Management of Clot in Dialysis Access
Endovascular management is the preferred first-line therapy for thrombosed dialysis access, with intervention recommended within 24-48 hours to restore patency and preserve the access. 1
Initial Assessment
- Confirm thrombosis by physical examination (absent pulse and thrill)
- Determine type of access (AVF vs AVG)
- Assess for signs of infection (erythema, skin breakdown, purulent drainage)
- Check for swelling of the extremity (may indicate central venous stenosis)
Treatment Algorithm
First-Line Treatment: Endovascular Intervention
Diagnostic fistulography to identify underlying stenosis (90% of access thromboses are secondary to anatomic stenosis) 1
Percutaneous thrombectomy/thrombolysis:
- Mechanical thrombectomy (suction thrombectomy, balloon thrombectomy, clot maceration)
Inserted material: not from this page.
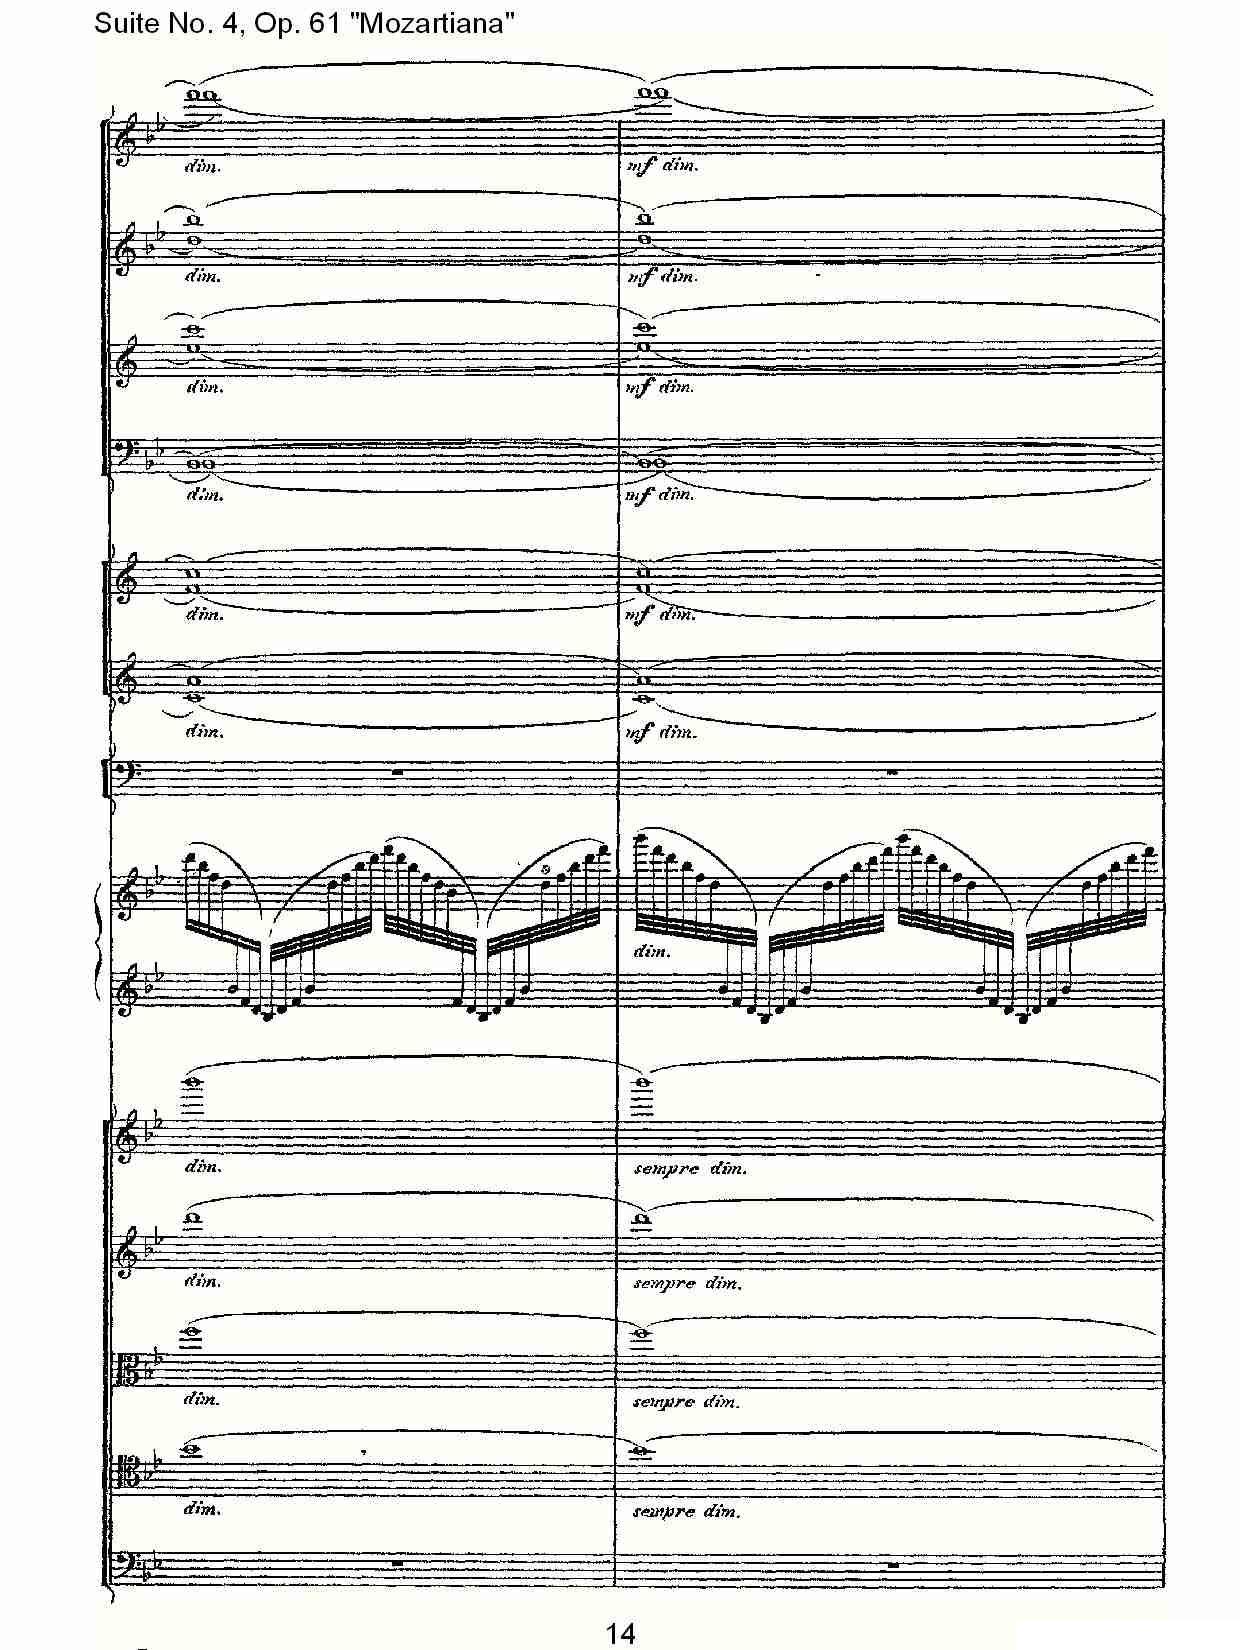 Suite No. 4, Op.61其它曲谱（图14）

- Pharmacologic thrombolysis (alteplase 2mg in 2mL for catheter-directed thrombolysis) 2
- Combination of techniques as needed
Balloon angioplasty of underlying stenosis:
- Treat any stenosis >50% that is clinically significant
- Particularly important for perianastomotic lesions in grafts 1
Consider stent placement in select cases:
- Self-expanding stent-grafts preferred over bare metal stents
- Indicated for recurrent stenosis or suboptimal results after angioplasty
- Avoid placement in cannulation segments 1
Second-Line Treatment: Surgical Intervention
Consider surgical revision when:
- Endovascular treatment fails
- Thrombosis occurs >2 times within a single month
- Recurrent stenosis is identified in the circuit 1
Surgical options include:
- Manual thrombectomy
- Revision of the access
- Creation of a new access at a different site
Special Considerations
For AVF aneurysms/pseudoaneurysms contributing to thrombosis:
- Surgical approach may be needed for chronic intraluminal thrombus
- Consider incision near arterial anastomosis to facilitate arterial plug removal
- Manual "milking" of thrombus from access lumen (95% success rate) 1
Anticoagulation Management
- During thrombectomy procedures, heparin is typically administered
- For maintenance dialysis after successful declot:
Temporary Access for Failed Declot
If declot is unsuccessful:
- Place a tunneled dialysis catheter for interim hemodialysis
- Preferably in the extremity opposite to the planned permanent access
- Allow for placement in femoral vein to preserve upper extremity vasculature 1
Prevention of Recurrent Thrombosis
- Regular monitoring and surveillance of access
- Weekly physical examination (inspection and palpation for pulse and thrill)
- Address underlying causes:
- Hypotension post-hemodialysis
- Hypercoagulable states (consider testing if recurrent thrombosis)
- Decreased cardiac output
- Access site infection 1
Expected Outcomes
- Clinical success rate for thrombolysis/thrombectomy: 75-94%
- 6-month primary patency: 18-39%
- 6-month secondary patency: 62-80%
- 12-month secondary patency: 57-69% 1
Early intervention is critical to maximize the chances of successful declot and to preserve the access for future use, as each thrombotic episode increases the risk of permanent access failure and the need for a new access creation.